“這要是大白天,興許他們還會收斂一點,這到了晚上,他們便沒有了顧忌。”胡子看著李凡說道。
畢竟李凡的身份是如此的特殊,真要讓蝎子發現李凡的存在,那蝎子肯定會不惜一切代價下死手的。
李凡看著胡子問了一句:“那幾個高手,不是倉鼠,對吧?”
李凡剛聽到蝎子有高手幫忙的時候,第一個想到的,便是倉鼠。
陳浮生那晚上,并沒有拿下倉鼠,而是叫倉鼠逃掉了,而李凡知道,這倉鼠和蝎子之間,是有著一段交情的,雖然是利益之交,但走投無路的倉鼠,很可能會來投靠蝎子。
畢竟現在的蝎子,也算是用人之際了。
但現在看來,可能性不大了。
胡子搖了搖頭,說道:“我是見過倉鼠,但是倉鼠很快就離開了。”
“這幾個高手,好像比倉鼠還要厲害一點。”
胡子說著,突然臉色一沉:“少爺,你猜猜我看到誰了。”
“都這個時候了,你還有心情跟我賣關子?”李凡白了胡子一眼。
“是麻子。”胡子說道。
“麻子,怎么會是他?”
李凡微微皺了皺眉頭,林老大死后,李凡還特意詢問了麻子的情況,畢竟這個家伙,跟著林老大,也做了不少惡事。

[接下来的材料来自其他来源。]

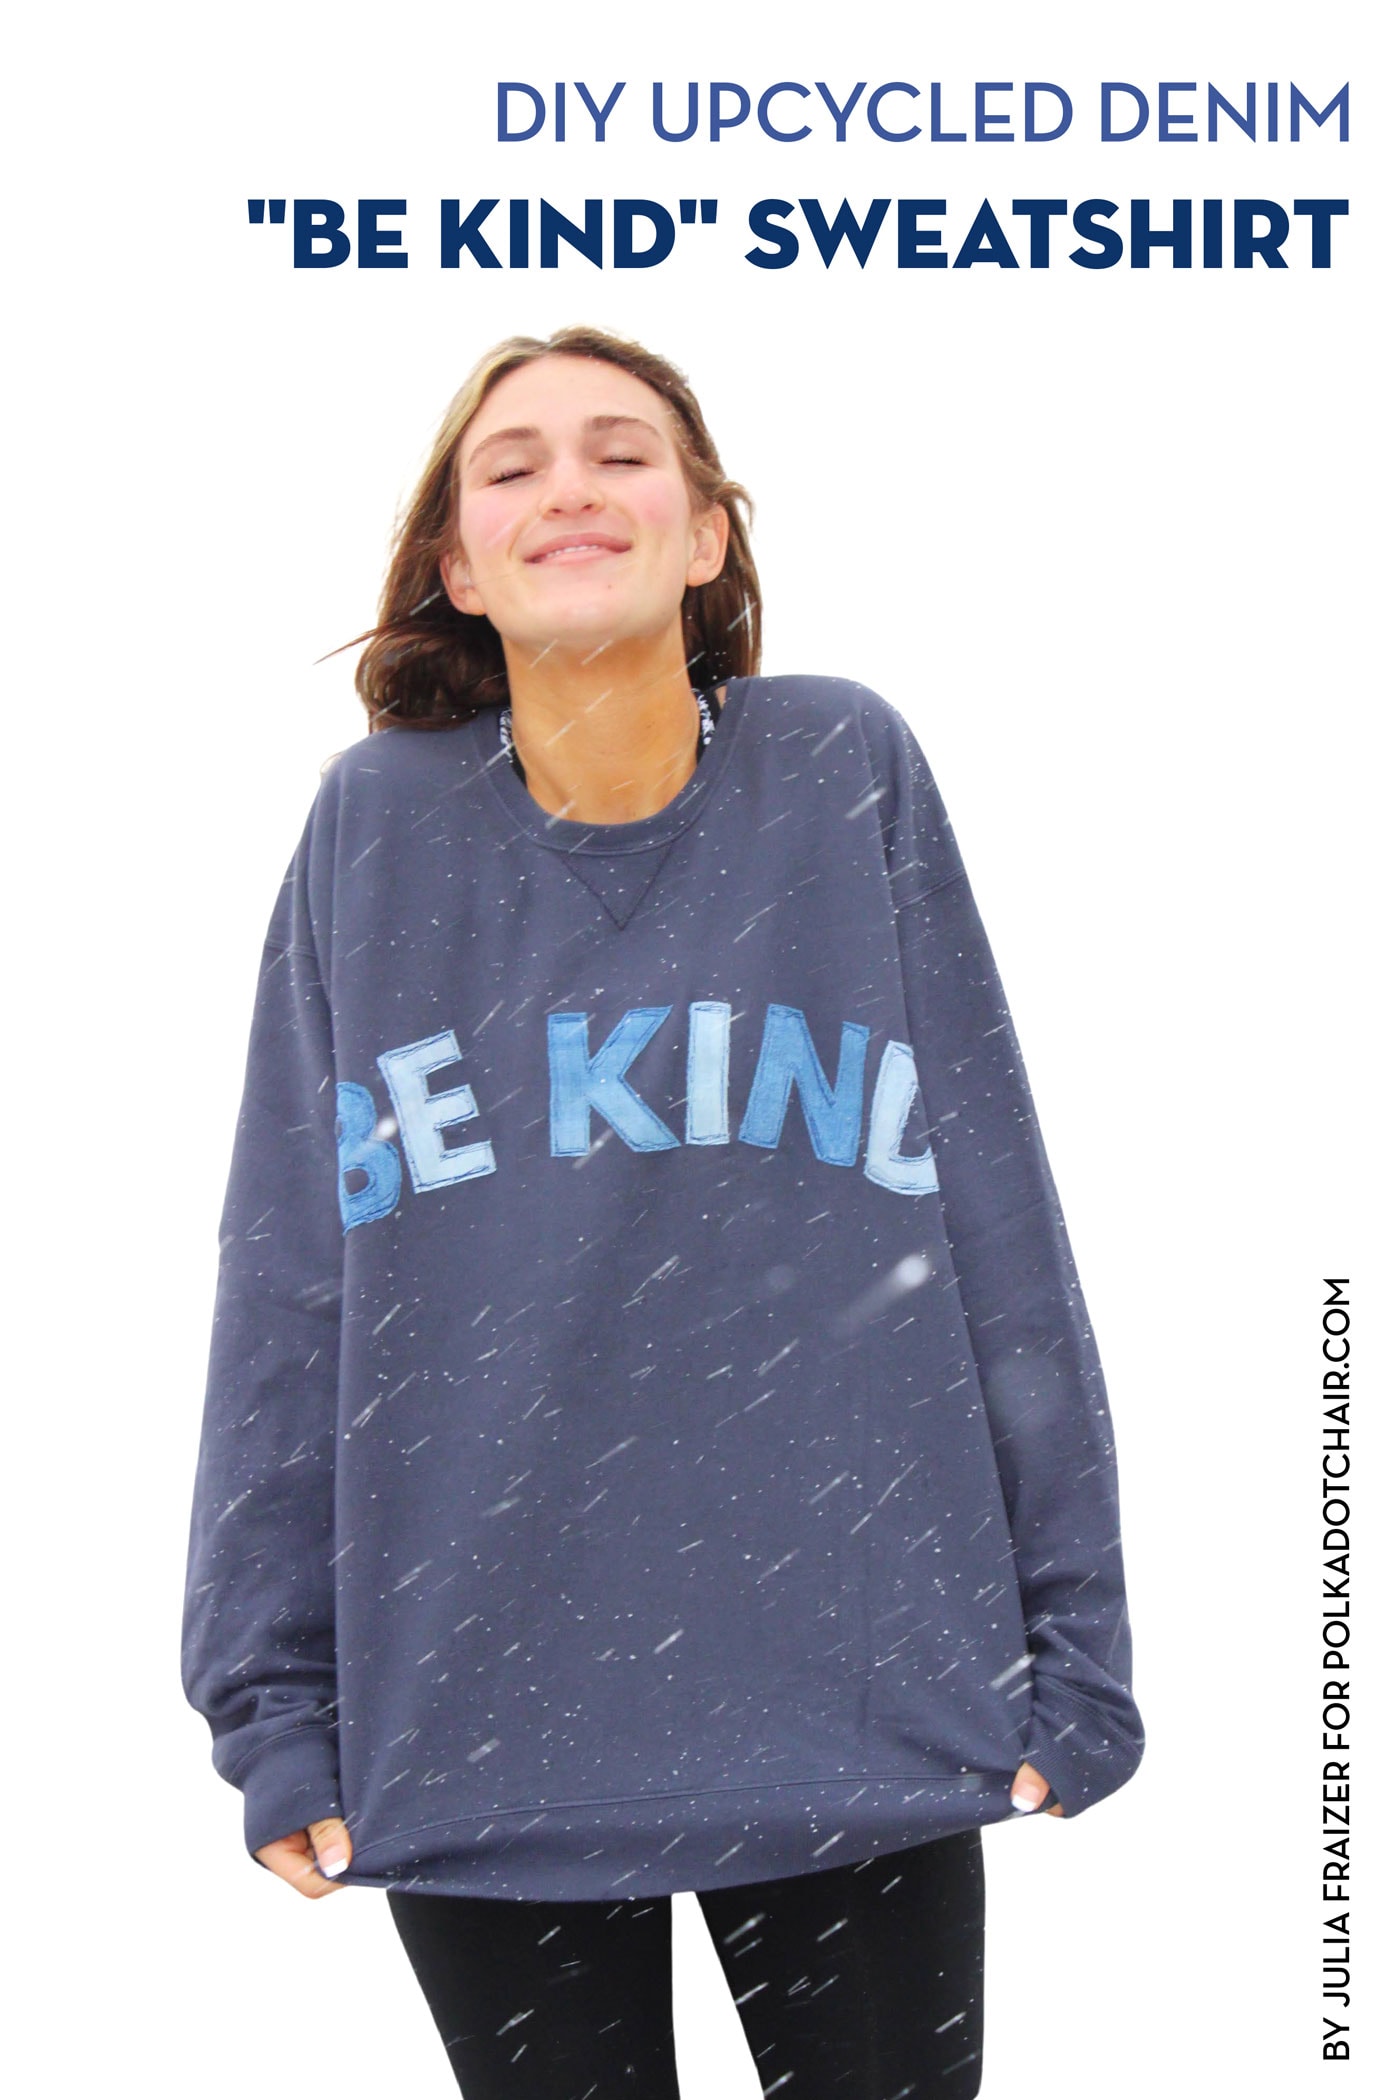 How to Repurpose Jeans into a Scrappy “Be Kind” Sweatshirt!
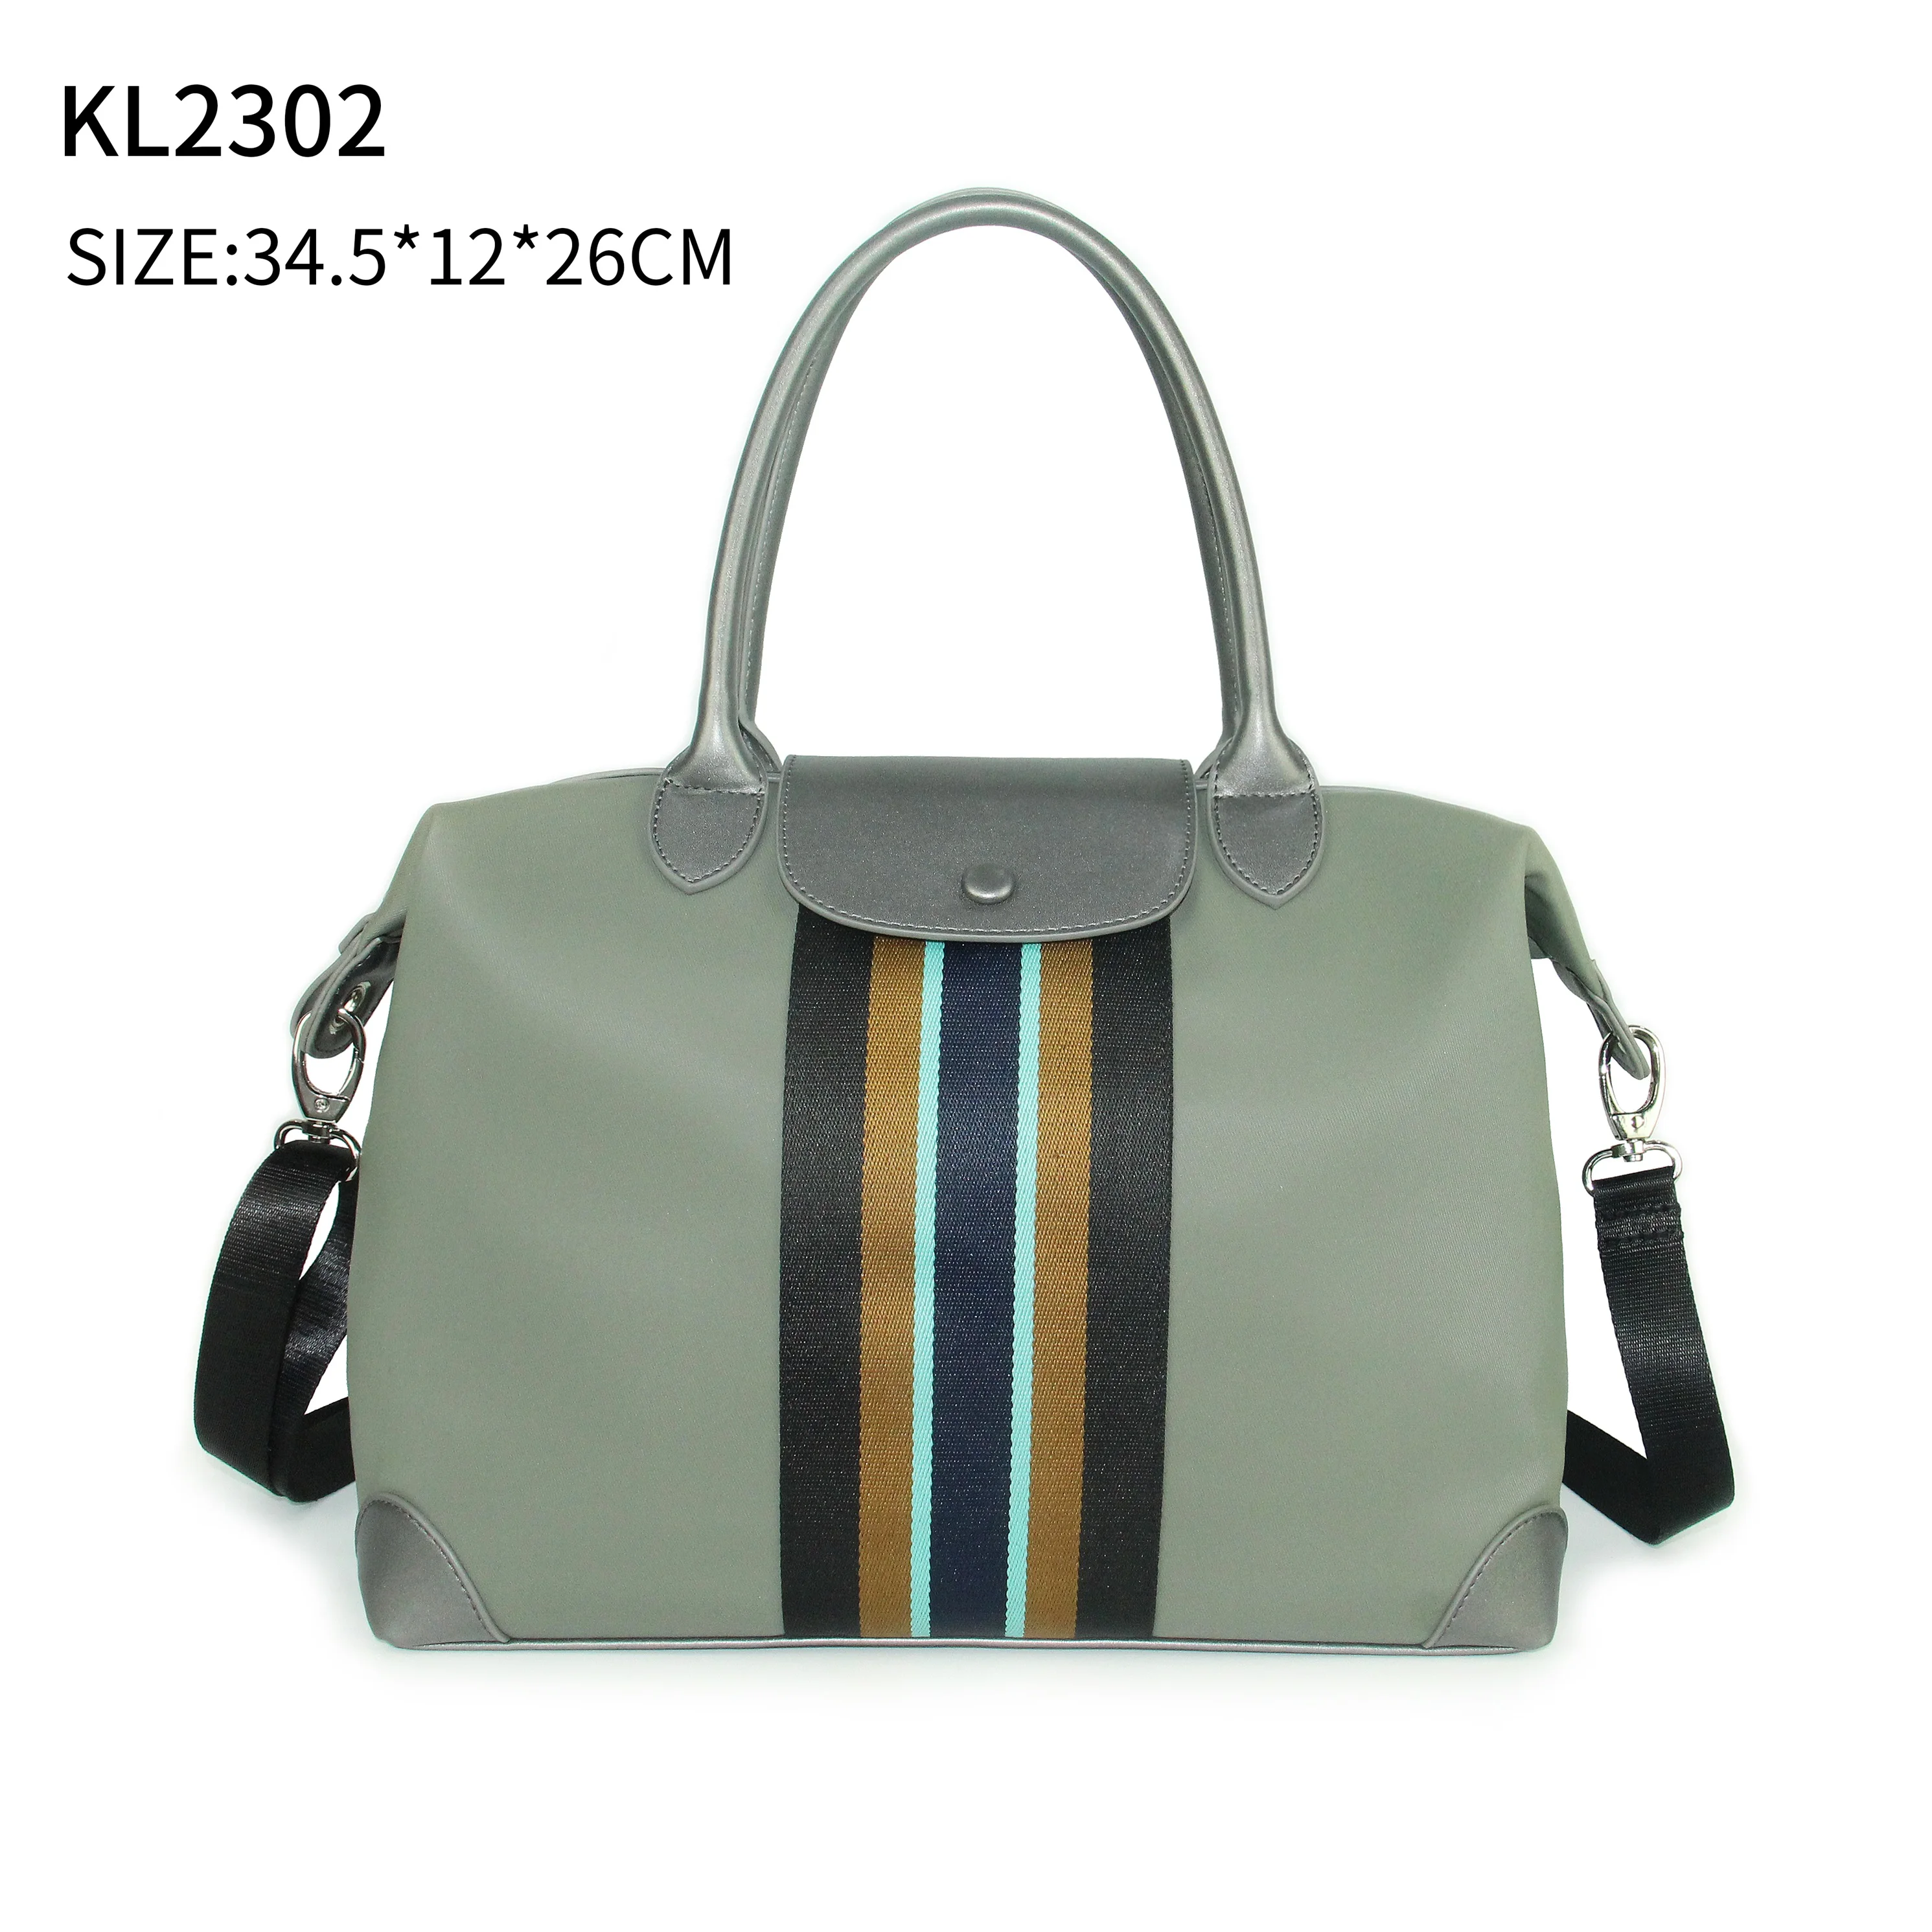 2021 New Arrival Hand bags For Women Fashinal Wholesale Women Bags

可胡非告訴李凡,這麻子,已經被上面的人帶走了,而等待麻子的命運,必然就是槍斃了。
可胡子現在卻告訴李凡,他看到了麻子。
難不成,這麻子被人給救了?
胡子哎了一聲,說道:“我找人調查了一下,我聽說,蝎子拿下了一片地,就在不遠處的山后面,那邊,建立了什么陵園,而這個陵園,他又不對外開放,這片陵園,由麻子來負責。”
“他好像在做林老大的生意。”
胡子說道:“畢竟臨縣這邊山高皇帝遠的,又比較貧窮落后,沒啥人管著。”
“你的意思是,殺了一個林老大,又起來了一個麻子?”
李凡的心,突然沉了一下。
這玩意,怎么就殺不死呢。
而且這個麻子,明明被抓了,現在怎么又逃出來了呢?
李凡掏出手機,就給胡非打了一通電話,電話接通之后,李凡直接開門見山的問道:“我想問你一件事兒,你老實回答我。”
“麻子到底是怎么回事?”李凡皺著眉頭說道:“你跟我說,麻子的事兒,一定會挨槍子,可是,我的人卻在臨縣看到他了。”
“李凡,這件事兒,你別管了。”胡非皺著眉頭,說道:“而且,你也管不了。”
“你先跟我說說,到底發生了什么,還有,你是不是也參與了?”李凡有些生氣的問道。
“你了解我的,這犯法的事情,我肯定不做,而且我怎么可能會護著麻子呢?那天,麻子的確被人給帶走了,而且,麻子第二天,就會吃槍子,我都問過了,但是,誰想到麻子剛開車出去沒有一百米,突然一群人沖了出來,將麻子給帶走了。”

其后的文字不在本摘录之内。